Para demonstran melanjutkan protes mingguan setelah pengunduran diri Bouteflika, menyerukan reformasi komprehensif sistem pemerintahan sejak kemerdekaan Aljazair dari Prancis pada 1962.
Menyusul pemberlakuan pembatasan untuk menahan pandemi, pengunjuk rasa menangguhkan aksi unjuk rasa mereka Maret lalu, tetapi seruan baru-baru ini beredar di media sosial untuk kembali ke jalan.
Pada hari Jumat, ajakan untuk berkumpulnya demonstran di Internet juga termasuk seruan agar semua orang mengenakan masker selama berpartisipasi dalam protes, karena banyak yang tidak mematuhi mereka selama protes hari Senin untuk memperingati ulang tahun kedua gerakan tersebut, yang juga menarik ribuan orang.
Aparat keamanan menggunakan alat pemukul dan menembakkan gas air mata di salah satu jalan utama di ibu kota setelah para pengunjuk rasa mencoba menerobos pagar penghalang yang disiapkan oleh polisi untuk pergi ke Kantor Pos Pusat, yang telah berubah menjadi tempat berkumpulnya demonstrasi anti-rezim.
Sejak pagi, truk polisi telah dikerahkan di dekat alun-alun utama di pusat kota, dan pos pemeriksaan telah didirikan di beberapa sumbu menuju ibu kota.
Tampaknya waktu belum beranjak sejak unjuk rasa demonstran terakhir pada tahun 2020, ketika massa mengibarkan bendera dan slogan yang sama.
Para partisipan “Hirak” meneriakkan slogan gerakan protes, “Negara sipil yes, militer no,” mereka mengangkat spanduk yang menegaskan bahwa para demonstran adalah aktivis dalam gerakan dan bukan Islamis maupun sekuler.
Rezim Presiden Abdelmadjid Tebboune, yang terpilih pada Desember 2019 di tengah jumlah pemilih yang sangat rendah dalam pemungutan suara yang diboikot oleh gerakan protes, berusaha untuk mengekang demonstrasi baru.

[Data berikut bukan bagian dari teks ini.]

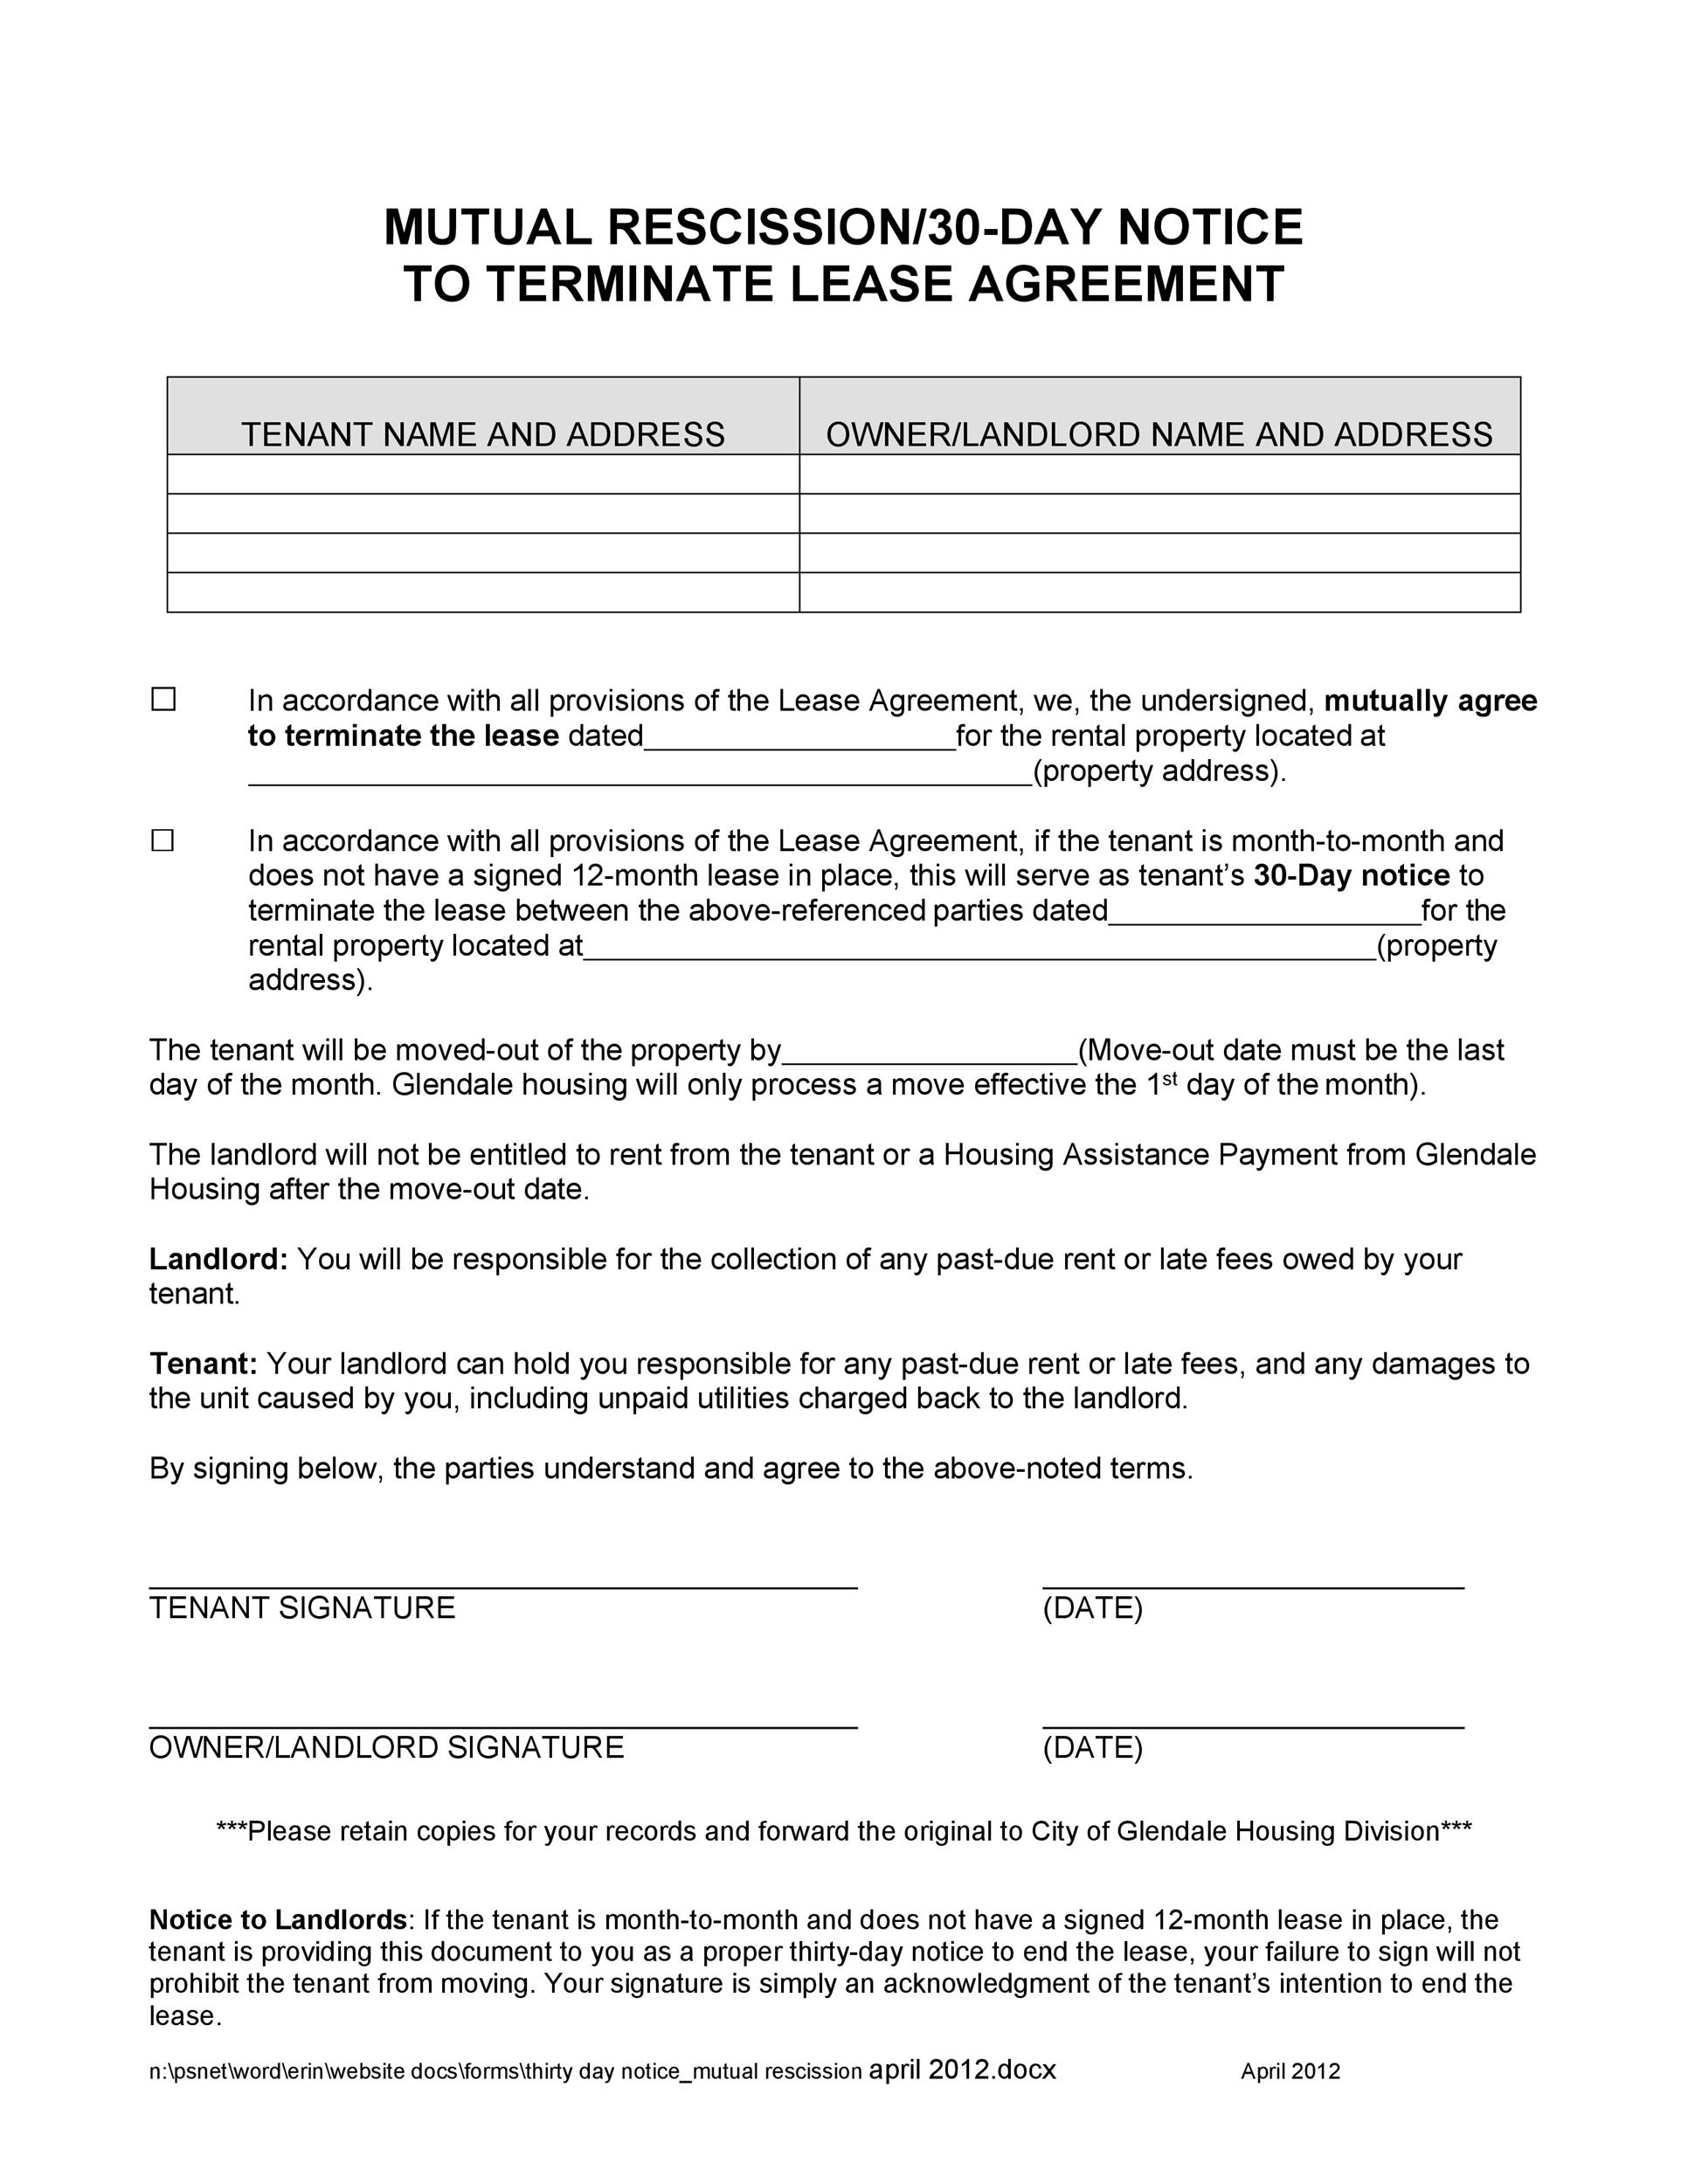 Rescission Agreements

Menjelang peringatan demonstrasi, Tebboune membuat sedikit perubahan kepada pemerintah setelah dia mengkritiknya pada Januari, sebelum pergi untuk menerima perawatan di Jerman karena komplikasi dari infeksi Corona.
Dalam upaya lain untuk menenangkan massa, sekitar 40 tahanan dari aktivis gerakan mobilisasi dibebaskan pada Kamis, di antaranya wartawan Khaled Dararni, yang menjadi simbol perjuangan kemerdekaan pers di Aljazair.

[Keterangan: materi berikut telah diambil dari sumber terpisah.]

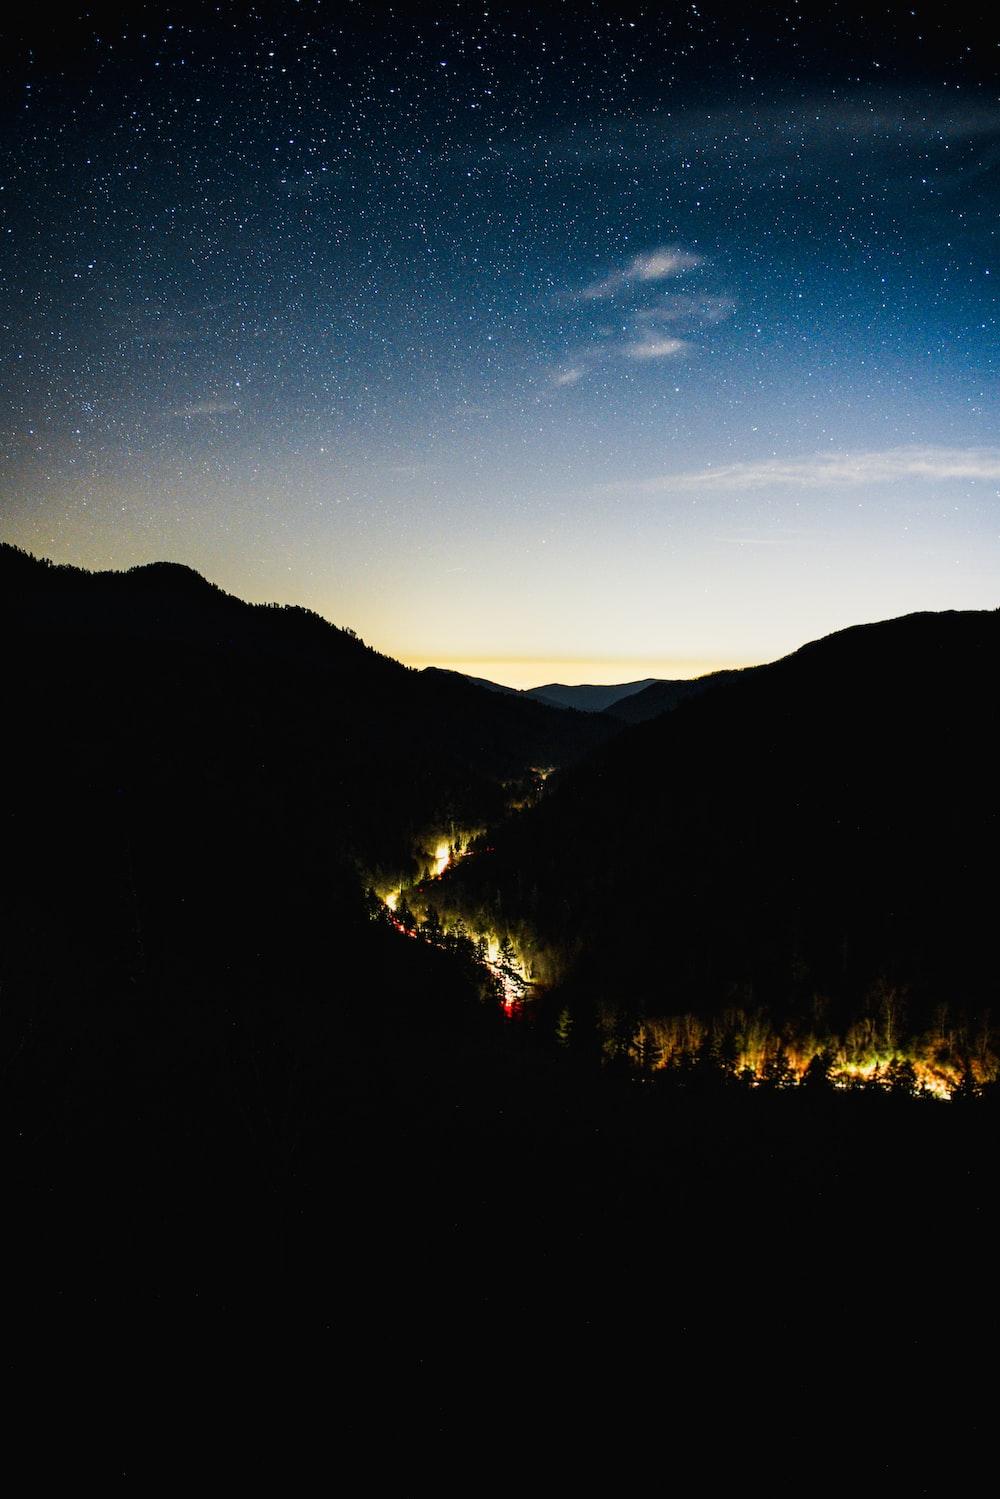 house lights between hills

Namun para pendukung gerakan mobilisasi tidak terpengaruh oleh seruannya untuk pemilihan legislatif lebih awal dan perombakan kabinet, karena mereka melihat bahwa pemerintahan baru tidak jauh berbeda dengan yang dipimpin oleh Bouteflika selama dua dekade.
Pertemuan diselenggarakan di beberapa wilayah Aljazair, terutama di Bejaia, Kabylie (timur laut) dan Oran (barat laut), di mana aktivis HAM terkemuka, Kaddour Chouicha ditangkap, menurut Komite Nasional Pembebasan Tahanan.

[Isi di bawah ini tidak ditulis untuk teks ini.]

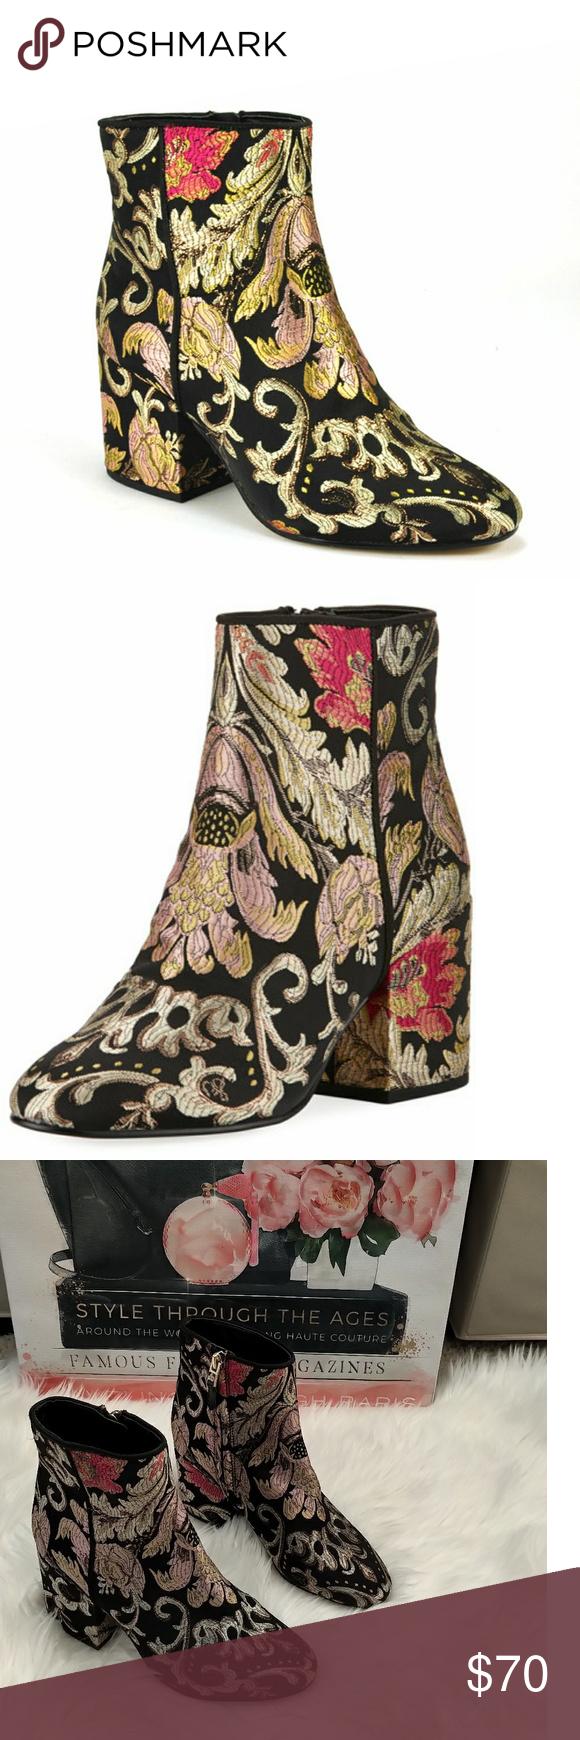 9a6cc1f2fa82 Sam Edelman Taye Metallic Jacquard Ankle Boots Sam Edelman bootie in  metallic floral jacquard. 2

Komite tersebut melaporkan di Facebook bahwa pihak berwenang telah menangkap hampir 500 orang di seluruh negeri, kebanyakan dari mereka kemudian dibebaskan.
Pada hari Senin, Amnesty International menuduh pihak berwenang mengembangkan strategi terkoordinasi untuk membungkam kritik, berdasarkan penyelidikan yang dilakukan terhadap kasus 73 aktivis yang “ditangkap secara sewenang-wenang” dan diadili di pengadilan.